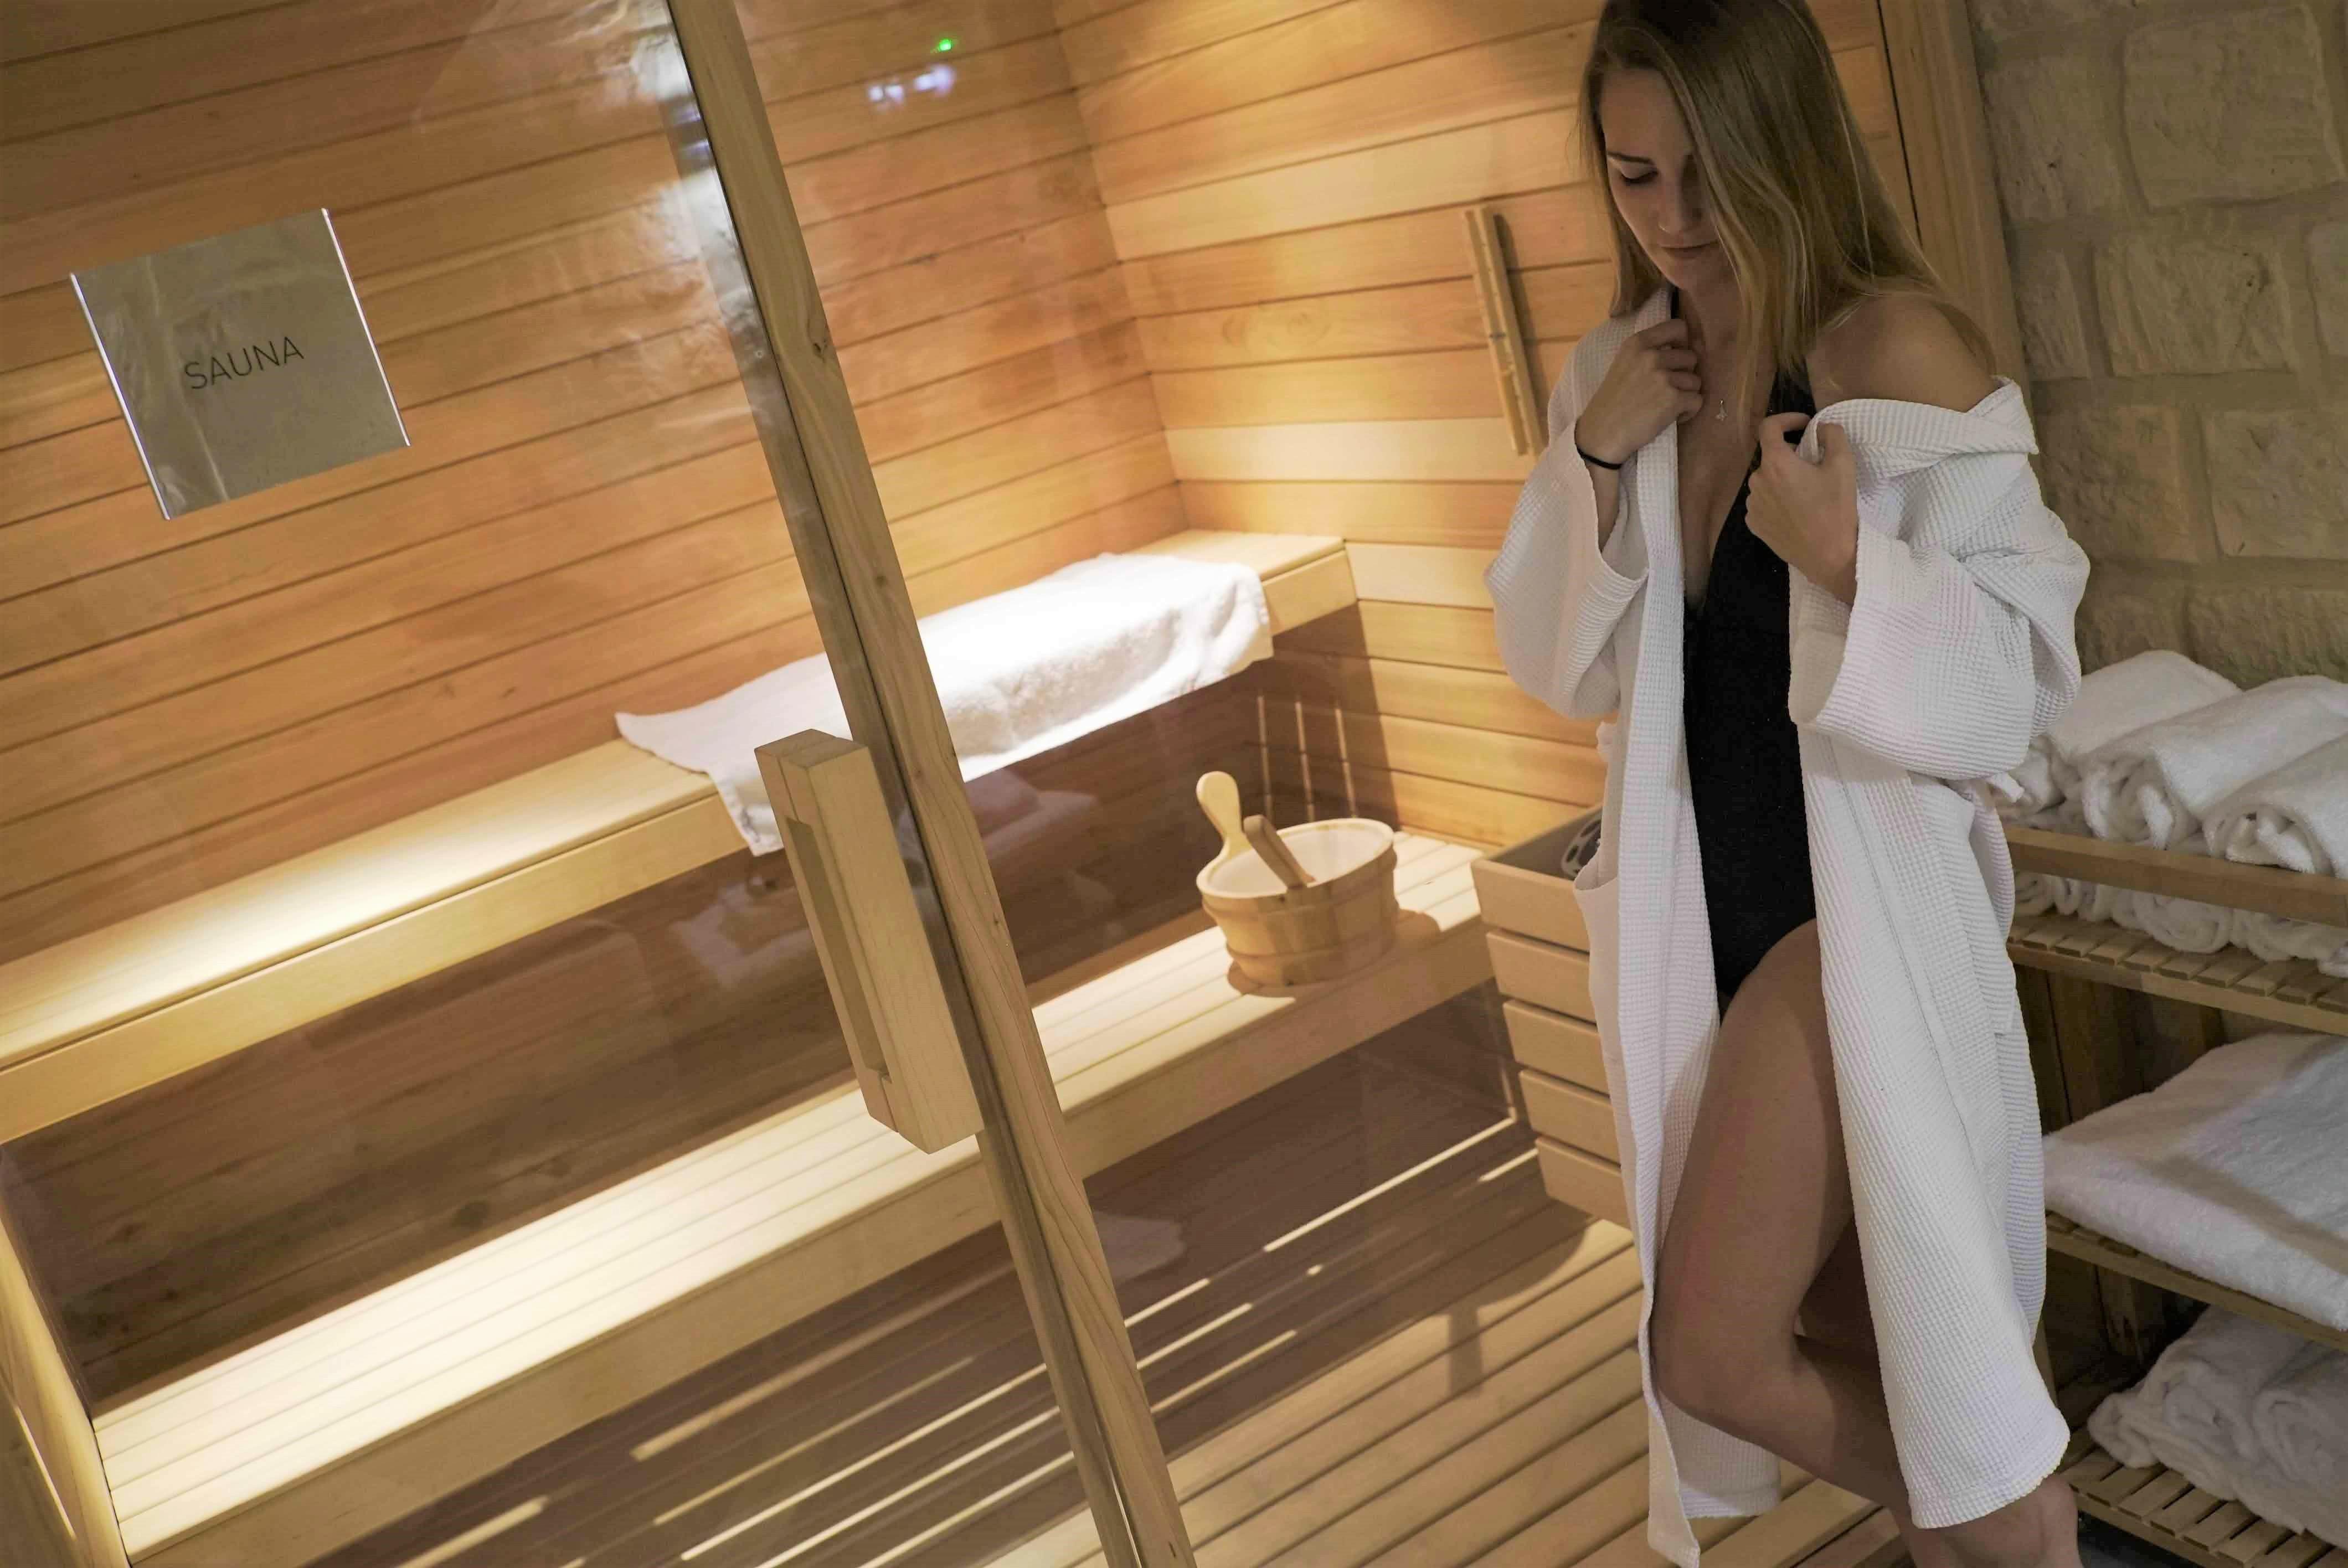 Prix D Un Sauna luxury hotel spa paris | hotel r de paris | official site
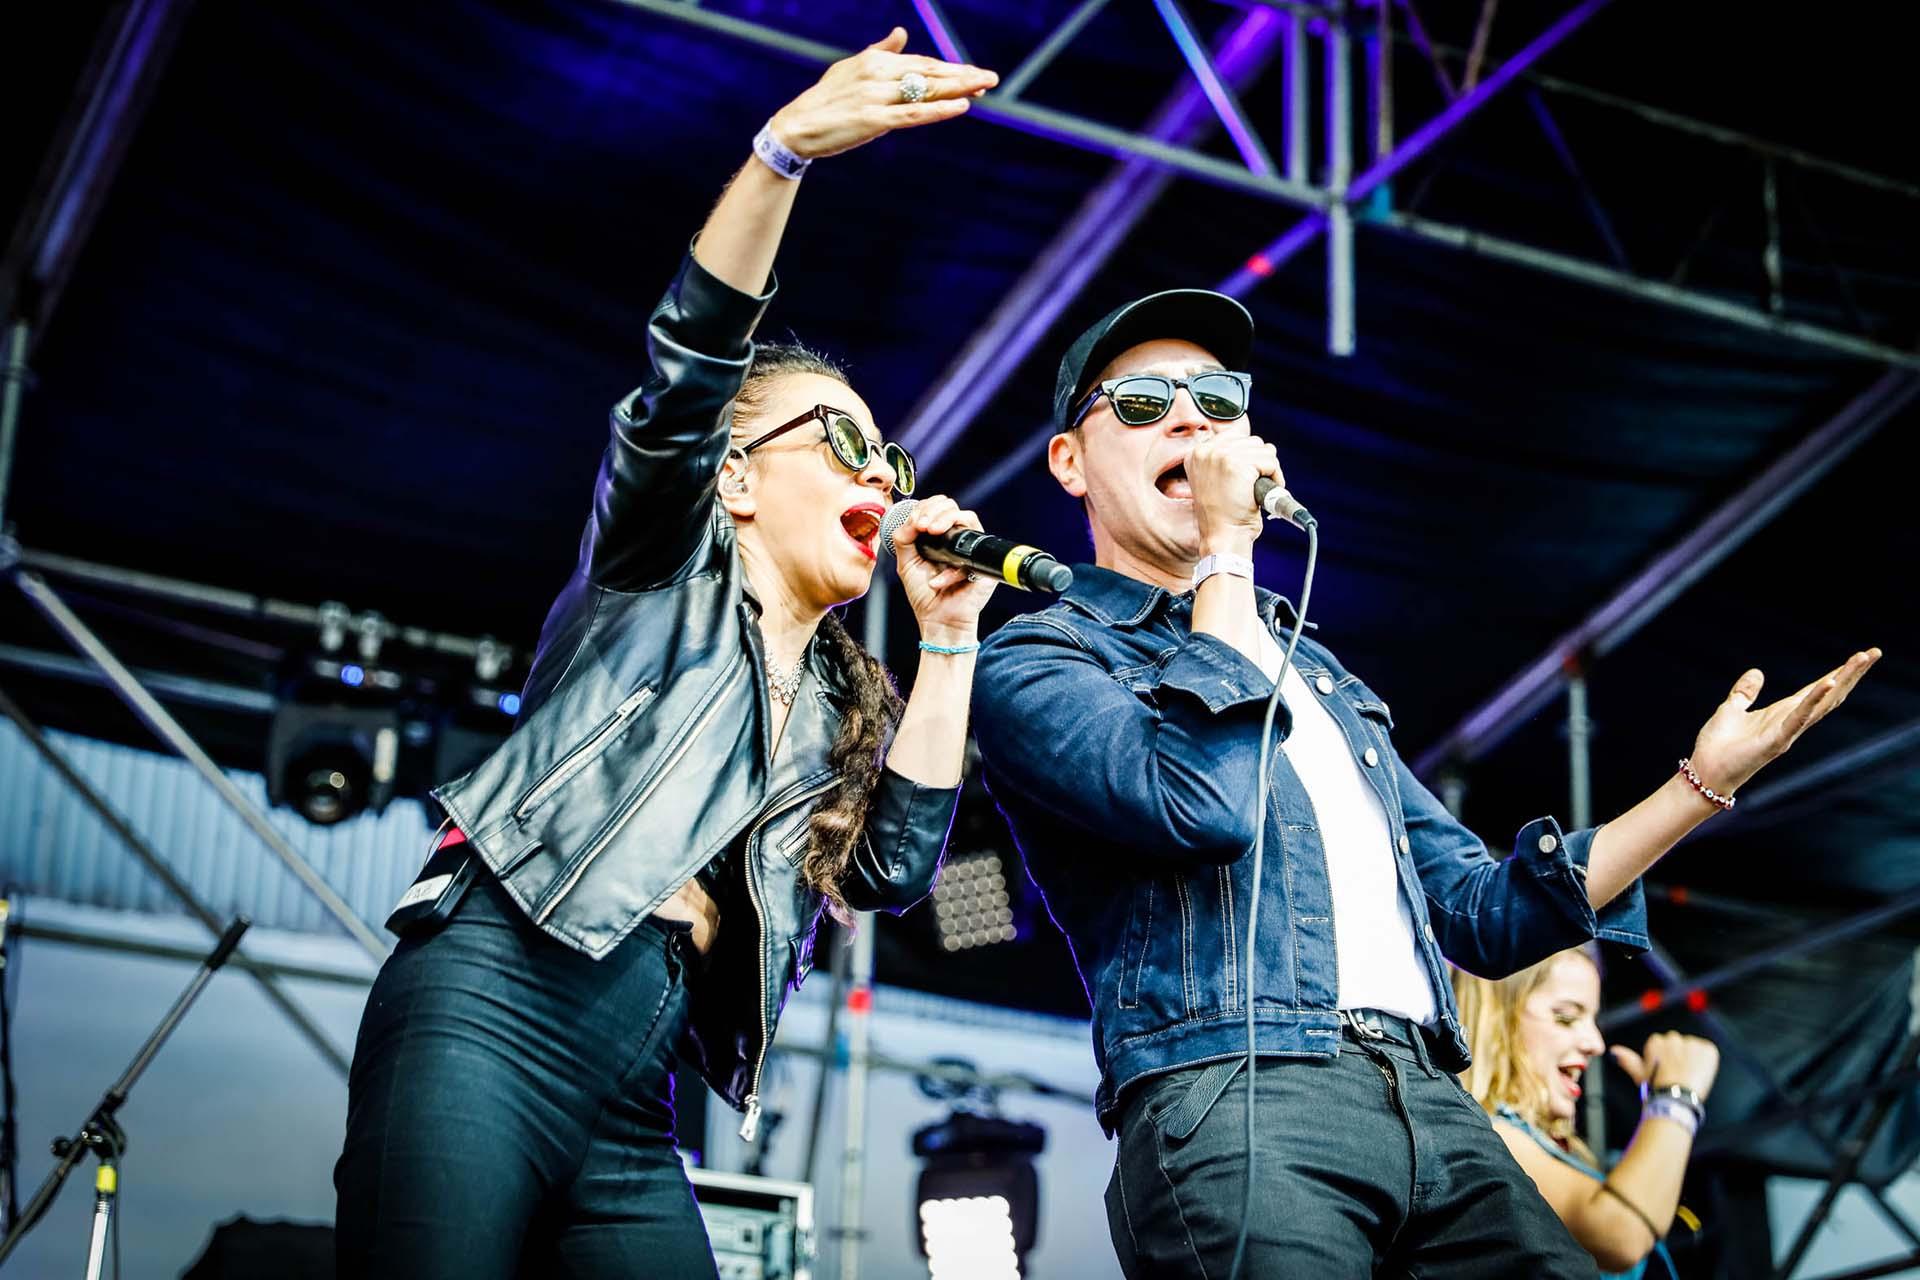 La cantante Miss Bolivia ofreció un show en el festival
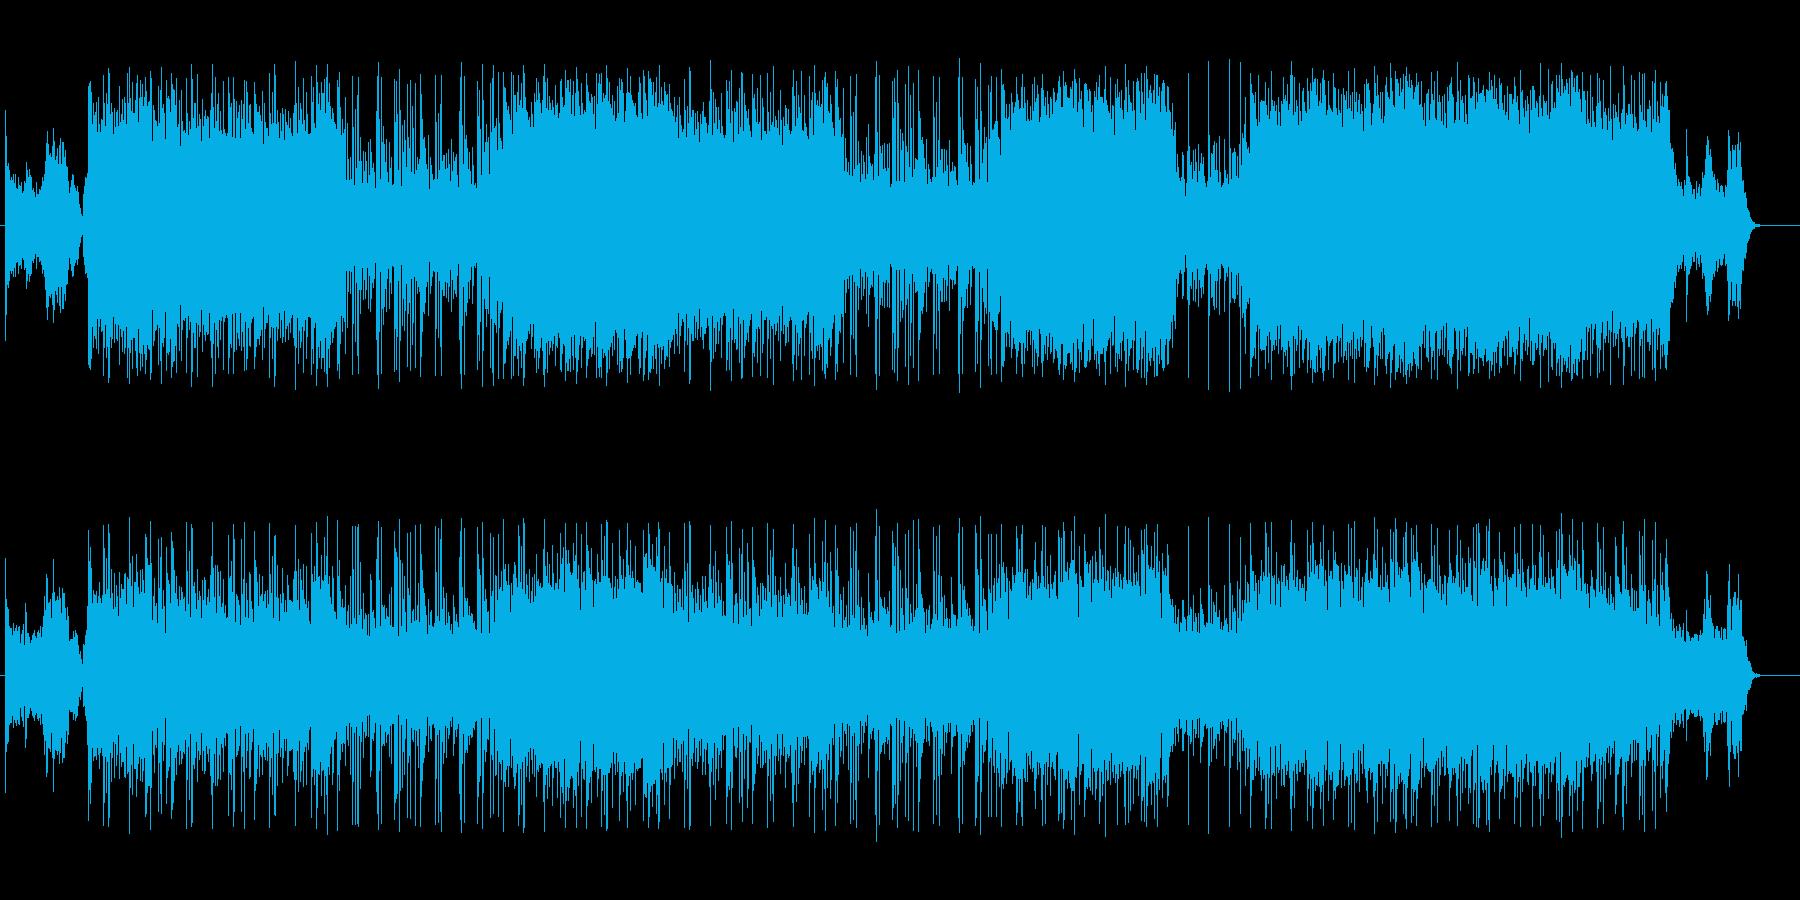 ヒップホップ/ファンタジア/重低音/#3の再生済みの波形

→ **Exercise**
Retype the full listing exactly; pictures stay out.

→ **Solved exercise**
 Prix D Un Sauna luxury hotel spa paris | hotel r de paris | official site
 La cantante Miss Bolivia ofreció un show en el festival
 ヒップホップ/ファンタジア/重低音/#3の再生済みの波形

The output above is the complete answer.